This Day in History: The Ides of March

Camuccini, Death of Julius Caesar
Vincenzo Camuccini, The Death of Julius Caesar (1798) - Wikimedia

CAESAR: The ides of March are come.

SOOTHSAYER: Ay, Caesar; but not gone.

Happy March 15th, everyone! But especially my friend Brook, who celebrates his birthday on the ides of March, and my brother Jon and his wife Michelle, marking their 10th anniversary today. All of which has me thinking that perhaps we’ve let one mere assassination define the day for too long…

Presenting: the best things to happen on the ides of March!

March 15, 1783 – George Washington talks his officers out of a coup d’état

Well, maybe… With the Revolutionary War nearly over, most of the Continental Army camped about sixty miles from New York City, in Newburgh. Some of its officers decided that they were unhappy with the pension offered them by Congress and threatened not to disband at war’s end. It’s not entirely clear what the leaders of this clique intended, but as their frustration grew and the conspiracy deepened, Washington interceded, delivering what’s come to be known as the “Newburgh Address” to his officers. After reassuring them that Congress would treat them well, he issued a stern warning:

…let me conjure you, in the name of our common country, as you value your own sacred honor, as you respect the rights of humanity, and as you regard the military and national character of America, to express your utmost horror and detestation of the man who wishes, under any specious pretenses, to overturn the liberties of our country, and who wickedly attempts to open the floodgates of civil discord and deluge our rising empire in blood.

Unable to read a letter from Congress, he took out his new reading glasses and confessed, “Gentlemen, you will permit me to put on my spectacles, for I have not only grown gray but almost blind in the service of my country.”

At which point everyone cried. Then 200 years later I did the same thing when my brother and I watched Barry Bostwick reenact this moment while playing the title role in the rather soapy miniseries George Washington.

March 12, 1912: Lightnin’ Hopkins is born

Or Sam John Hopkins, to his parents in Centerville, Texas. But thanks to the influence of Blind Lemon Jefferson, Sam became Lightnin’, one of the greatest blues guitarists of all time.

By the way… According to this chart, my “blues name” would be pretty awesome: Sticky Bones Jones.

March 15, 1956: My Fair Lady premiered on Broadway

Starring Rex Harrison as Henry Higgins and Julie Andrews as Eliza Doolittle, the musical ran for over 2000 performances, spawned a cast album that topped the charts, and (with the unfortunate substitution of Audrey Hepburn for Andrews) was filmed in 1964.

It was also converted, by yours truly, into a rather elaborate, musical theatrical piece of Frasier fan fiction in which Niles tried to tutor Daphne. (This during a few weeks in the fall of 2001 when I became desperate to put off completing my dissertation.) Fortunately, this seems to have disappeared into the mists of pre-Google history… And if it hasn’t, don’t let me know.

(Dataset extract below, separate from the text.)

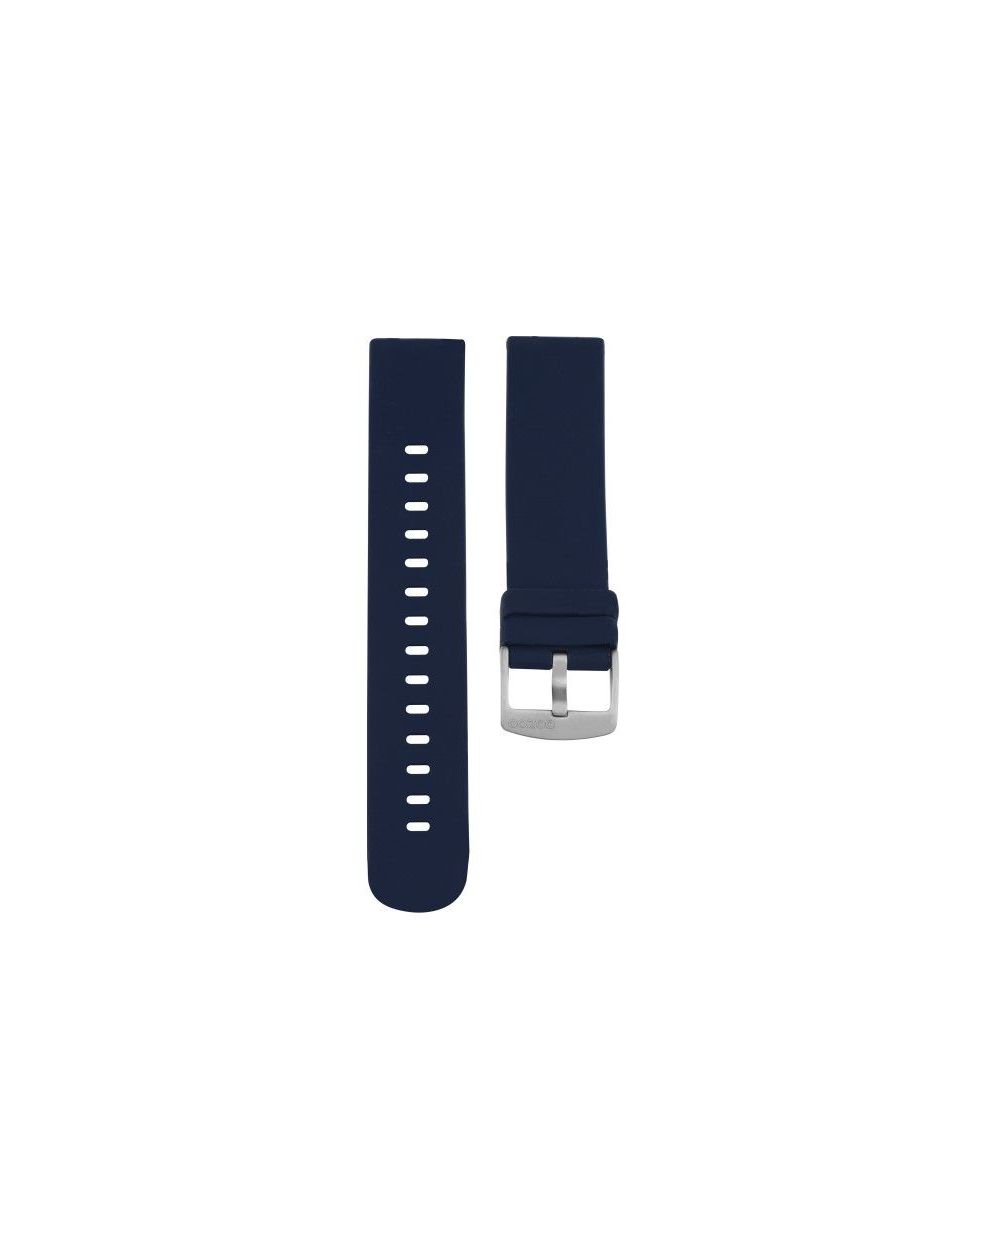 Bracelet montre connecté OOZOO caoutchouc bleu - 409.20 - Marque OOZOO

March 15, 1965 – Lyndon B. Johnson addresses Congress about civil rights

LBJ, MLK, and others
1964 meeting between LBJ, Martin Luther King, Jr., and other civil rights leaders - Wikimedia

Speaking the week after a violent attack disrupted a planned civil rights march from Selma to Montgomery, Alabama, the president urged Congress to enact what became known as the Voting Rights Act. Most famously, he quoted the anthem of the civil rights movement, “We Shall Overcome,” in broadening his appeal to cover several themes central to his “Great Society”:

…even if we pass this bill the battle will not be over. What happened in Selma is part of a far larger movement which reaches into every section and state of America. It is the effort of American Negroes to secure for themselves the full blessings of American life. Their cause must be our cause too. Because it’s not just Negroes, but really it’s all of us, who must overcome the crippling legacy of bigotry and injustice.

And we shall overcome….

A century has passed–more than 100 years–since equality was promised, and yet the Negro is not equal. A century has passed since the day of promise, and the promise is unkept. The time of justice has now come, and I tell you that I believe sincerely that no force can hold it back. It is right in the eyes of man and God that it should come, and when it does, I think that day will brighten the lives of every American. For Negroes are not the only victims. How many white children have gone uneducated? How many white families have lived in stark poverty? How many white lives have been scarred by fear, because we wasted energy and our substance to maintain the barriers of hatred and terror?

And so I say to all of you here and to all in the nation tonight that those who appeal to you to hold on to the past do so at the cost of denying you your future. This great rich, restless country can offer opportunity and education and hope to all–all, black and white, North and South, sharecropper and city dweller. These are the enemies: poverty, ignorance, disease. They are our enemies, not our fellow man, not our neighbor.

And these enemies too–poverty, disease and ignorance–we shall overcome.